Work task
Would you please transcribe, exactly as written, the lines of the entries below starting at the one that holds "Tranquility Throw Pillow" and ending at the one that holds "red tape men mid-rise stretchable jeans", both included?

Record extracts
[Start of Attachment]
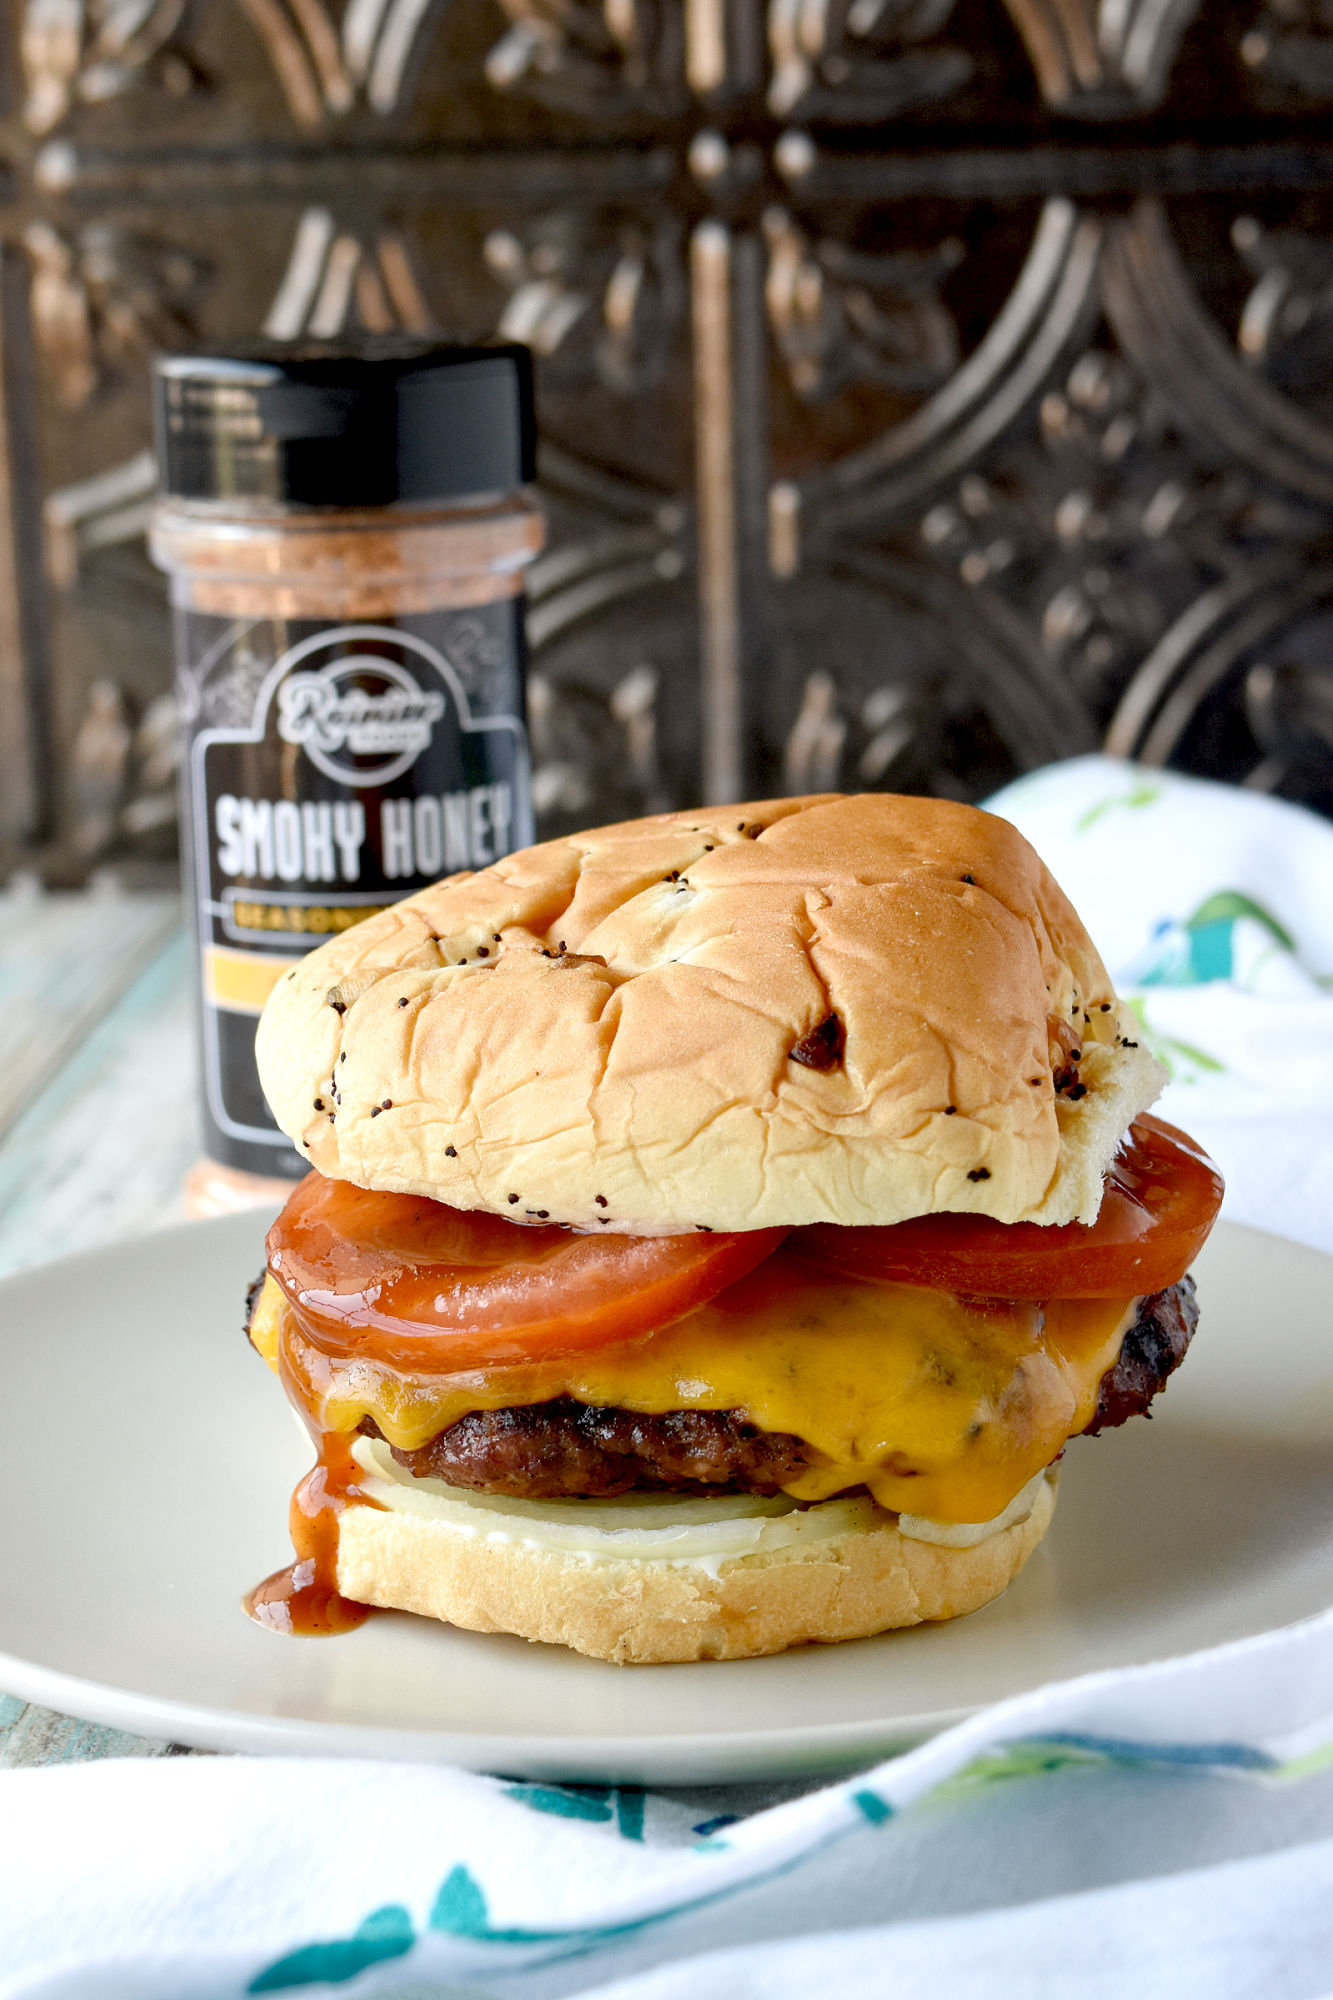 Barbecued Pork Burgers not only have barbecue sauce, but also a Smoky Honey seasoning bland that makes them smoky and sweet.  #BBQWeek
[End of Attachment]
[Start of Attachment]
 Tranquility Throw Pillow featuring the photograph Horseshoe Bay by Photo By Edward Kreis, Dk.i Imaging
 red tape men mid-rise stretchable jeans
[End of Attachment]
Your solution
 Tranquility Throw Pillow featuring the photograph Horseshoe Bay by Photo By Edward Kreis, Dk.i Imaging
 red tape men mid-rise stretchable jeans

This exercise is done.